Image described by surrounding text.

Another string-splitting option is to use the Flash Fill feature.

Removing titles from names

You can use the formula that follows to remove four common titles (Mr., Dr., Ms., and Mrs.) from a name. For example, if cell A1 contains Mr. Fred Munster, the following formula would return Fred Munster:

=IF(OR(LEFT(A1,2)={"Mr","Dr","Ms"}),RIGHT(A1,LEN(A1)-(FIND(".",A1)+1)),A1)
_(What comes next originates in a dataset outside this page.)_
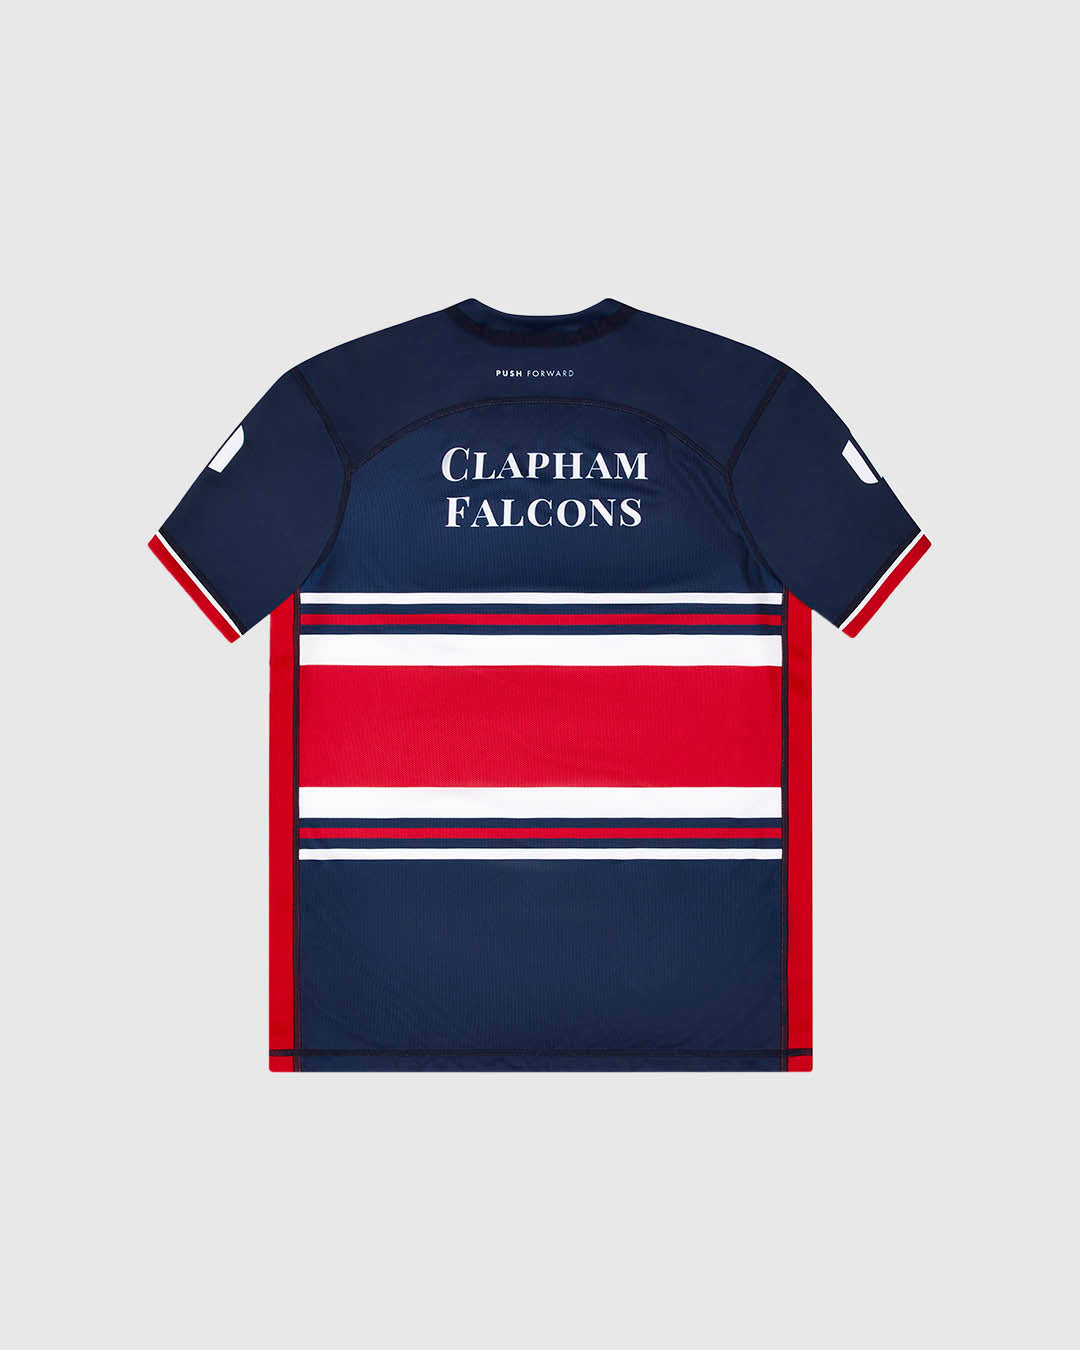 CF:001 - Clapham Falcons Replica Rugby Shirt - Navy

Counting the number of words in a cell

The following formula returns the number of words in cell A1:

=LEN(TRIM(A1))-LEN(SUBSTITUTE((A1)," ",""))+1

The formula uses the TRIM function to remove excess spaces. It then uses the SUBSTITUTE function to create a new string (in memory) that has all the space characters removed. The length of this string is subtracted from the length of the original (trimmed) string to get the number of spaces. This value is then incremented by 1 to get the number of words.

Note that this formula returns 1 if the cell is empty. The following modification solves that problem:

=IF(LEN(A1)=0,0,LEN(TRIM(A1))-LEN(SUBSTITUTE(TRIM(A1)," ",""))+1)

 Cross-Ref

Excel has many functions that work with text, but you’re likely to run into a situation in which the appropriate function just doesn’t exist. In such a case, you can often create your own worksheet function using VBA. Chapter 26 also contains a number of custom text functions written in VBA.